• Exercise details:
Taking the line that contains "9 Trending Models" as the start and the last line of the data as the end, repeat exactly every line in that span, but no pictures.
*** Opening of Data ***
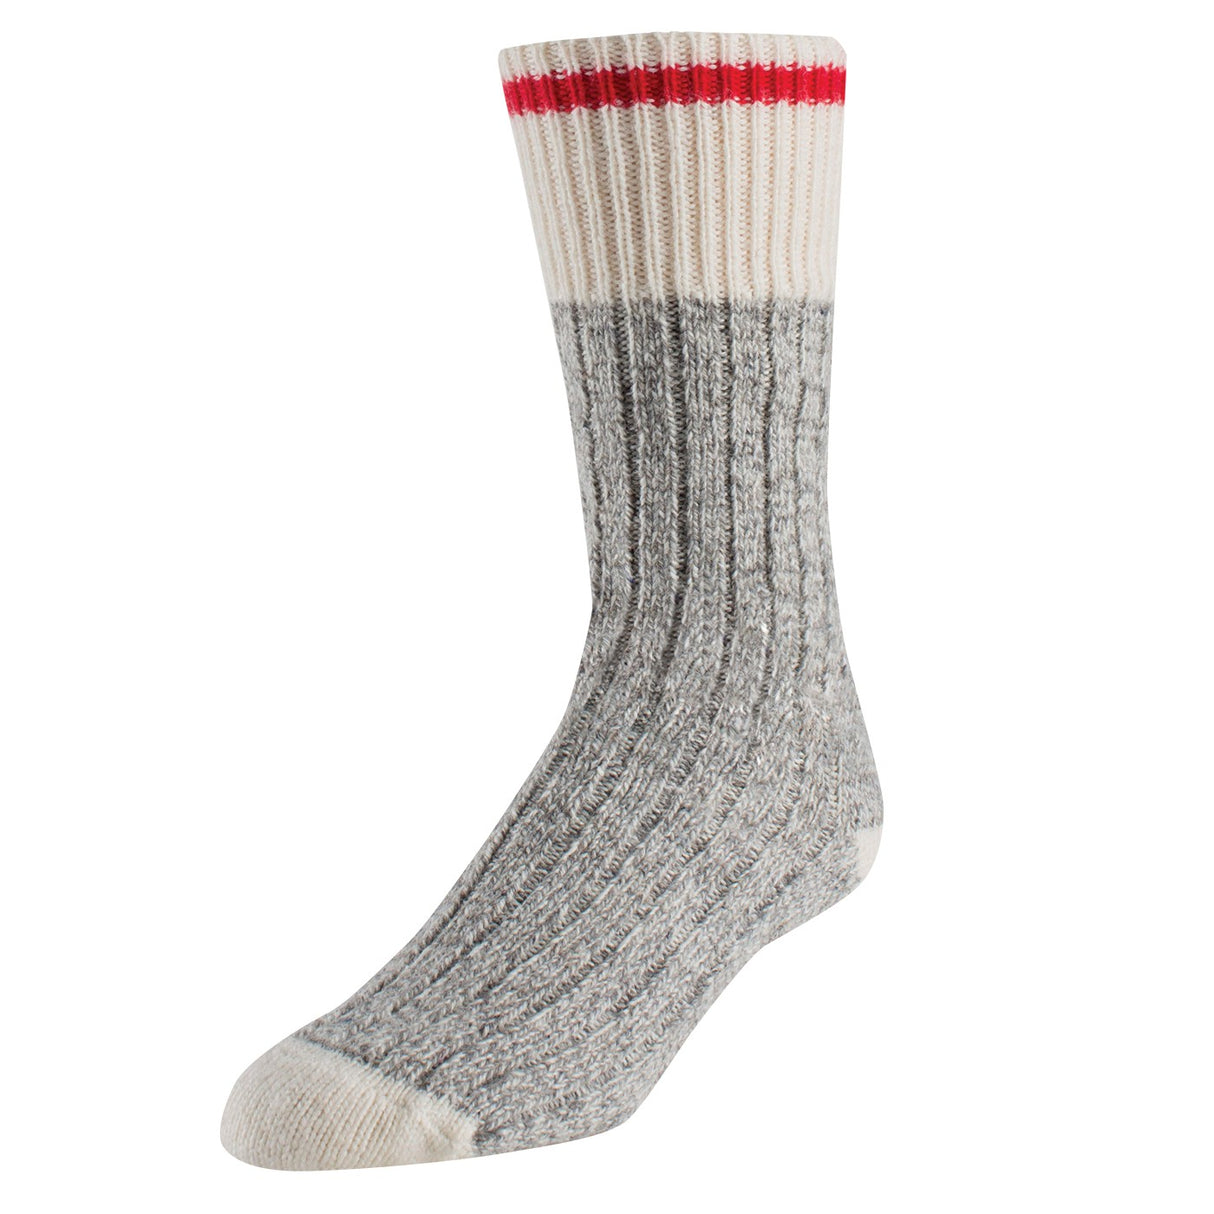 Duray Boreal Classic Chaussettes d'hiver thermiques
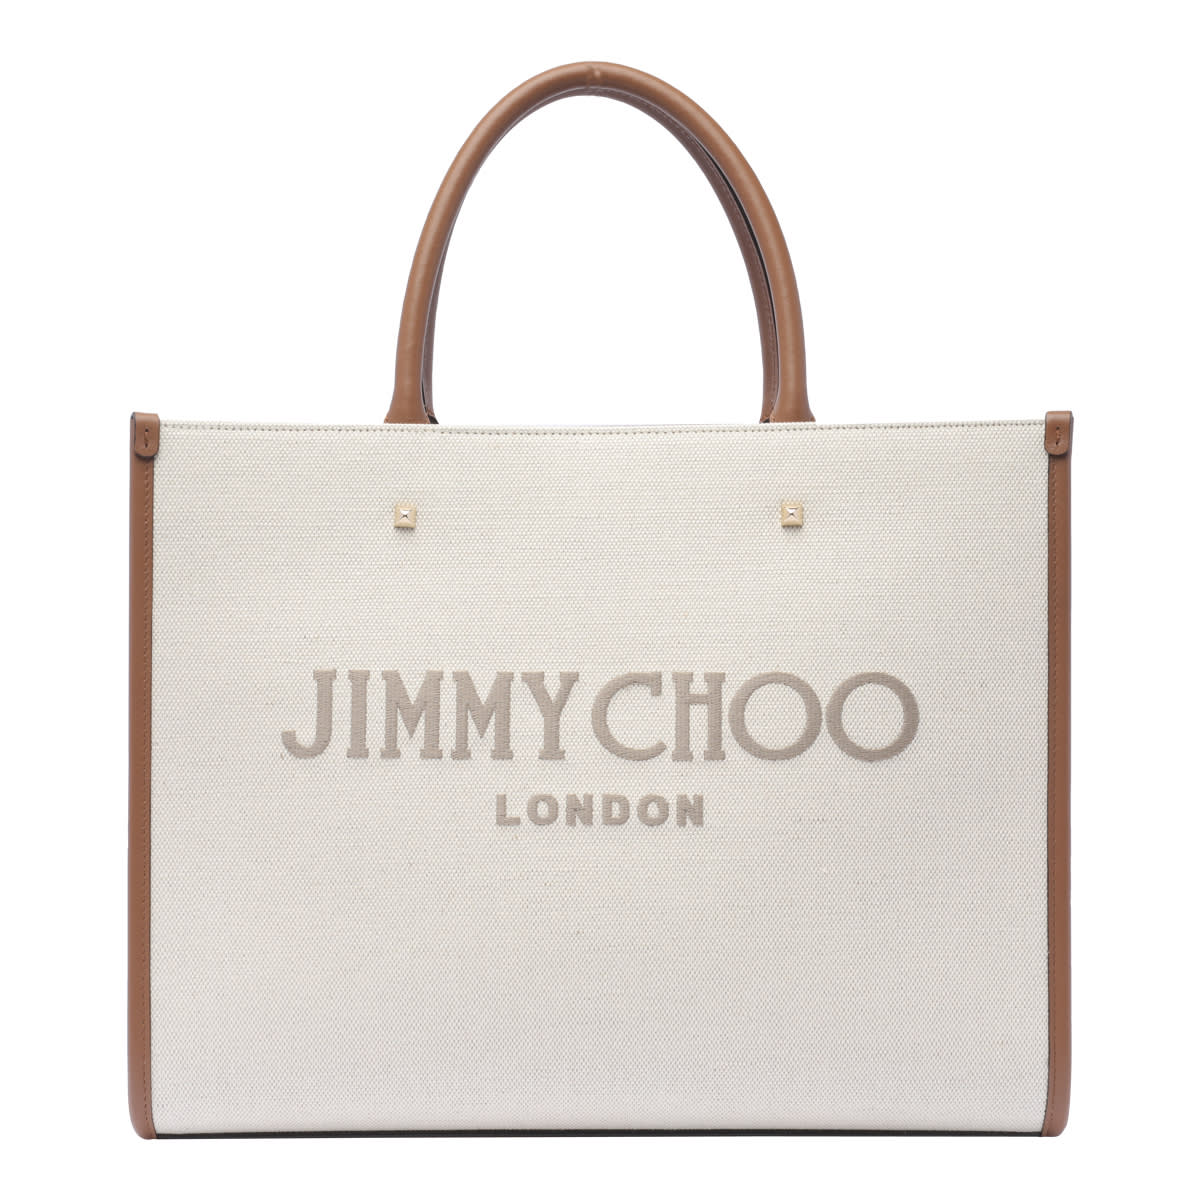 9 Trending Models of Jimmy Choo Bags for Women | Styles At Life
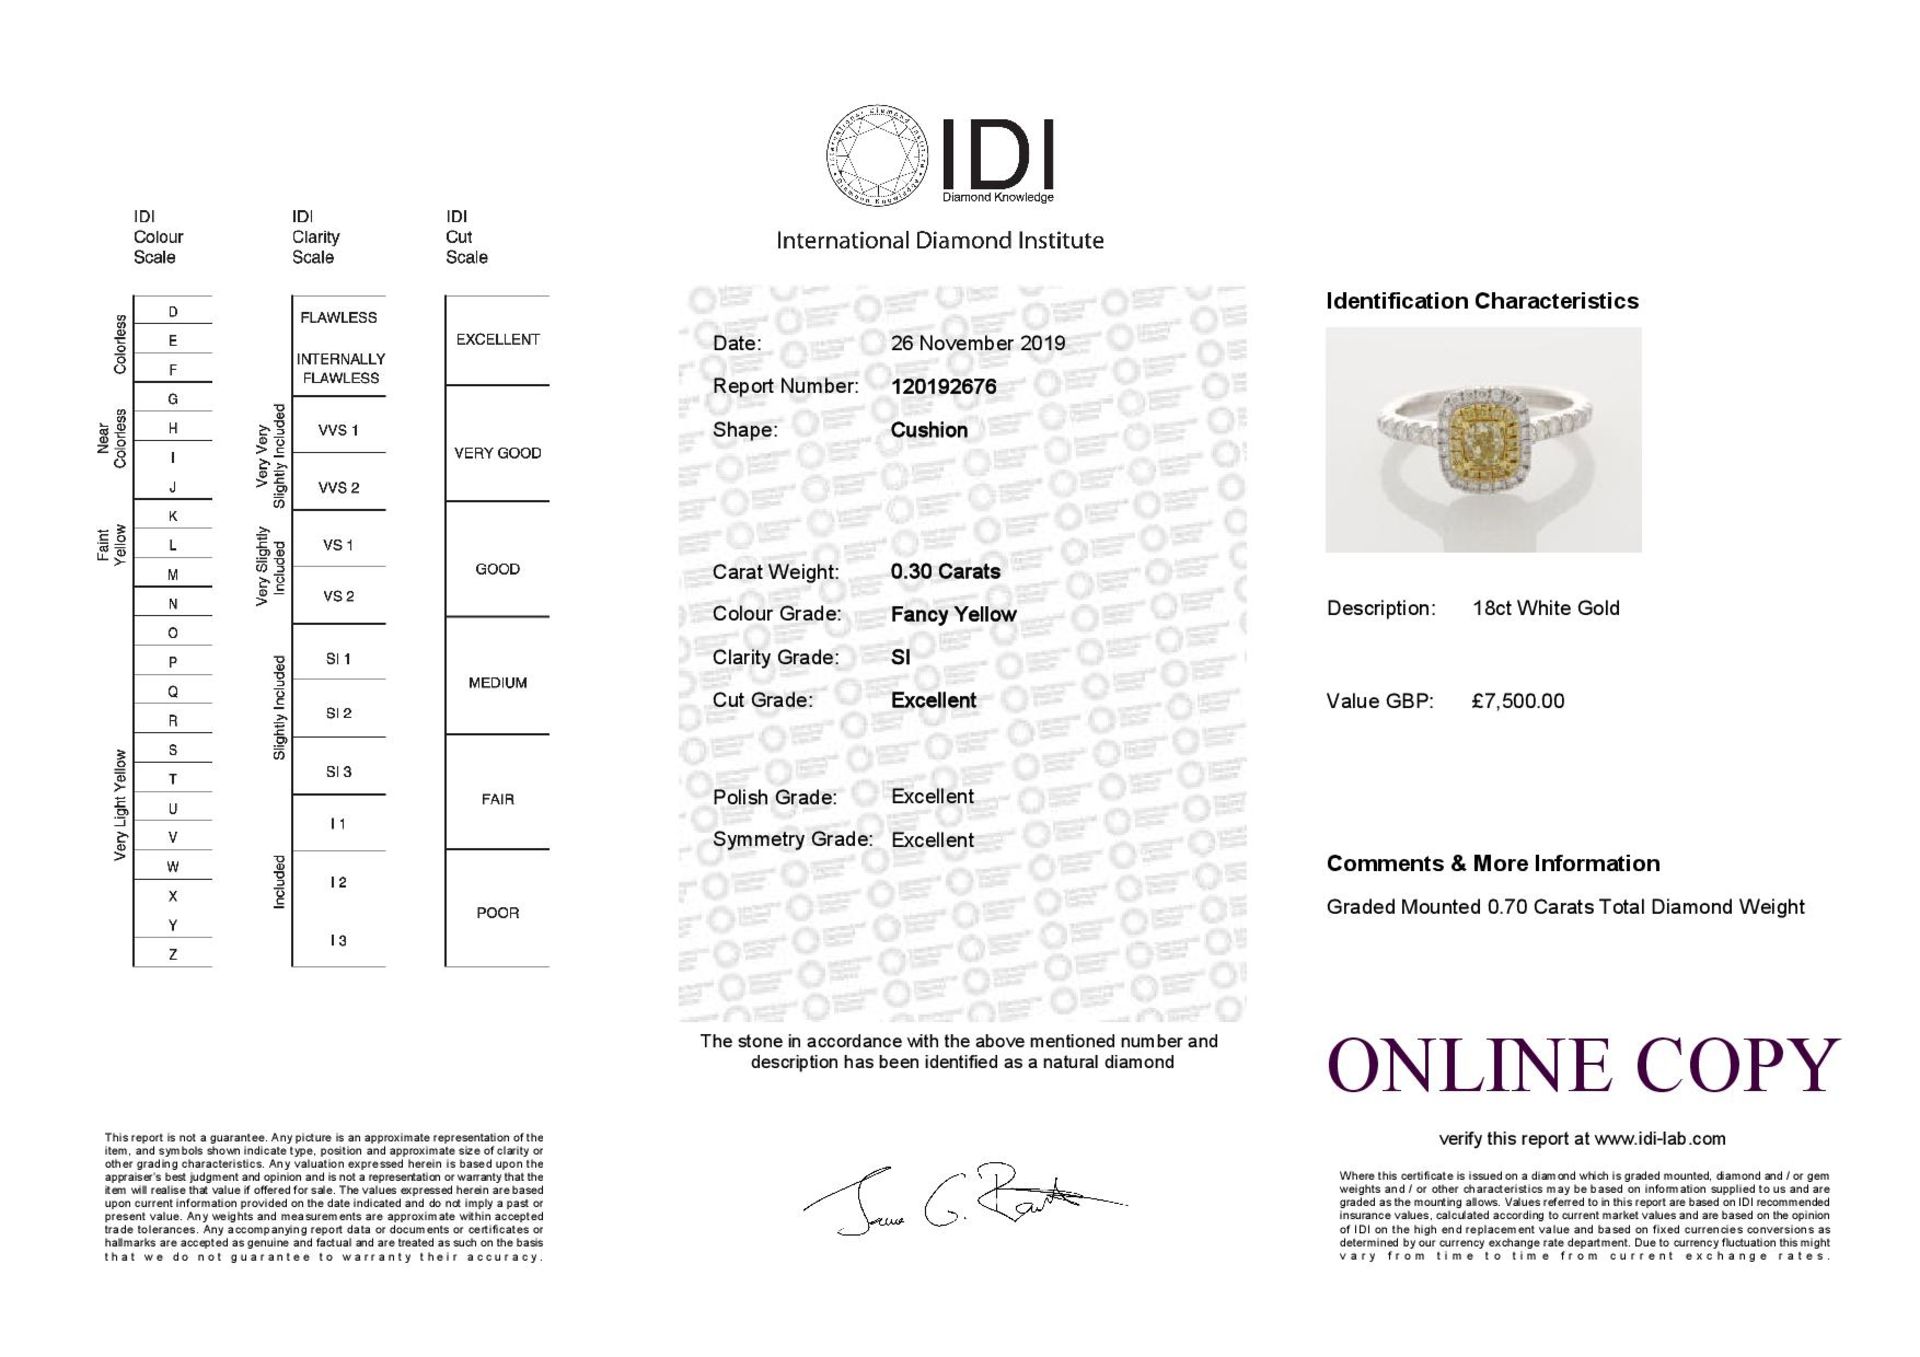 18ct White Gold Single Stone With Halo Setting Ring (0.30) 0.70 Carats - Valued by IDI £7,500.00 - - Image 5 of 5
*** Close of Data ***
• Reply:
 9 Trending Models of Jimmy Choo Bags for Women | Styles At Life
 18ct White Gold Single Stone With Halo Setting Ring (0.30) 0.70 Carats - Valued by IDI £7,500.00 - - Image 5 of 5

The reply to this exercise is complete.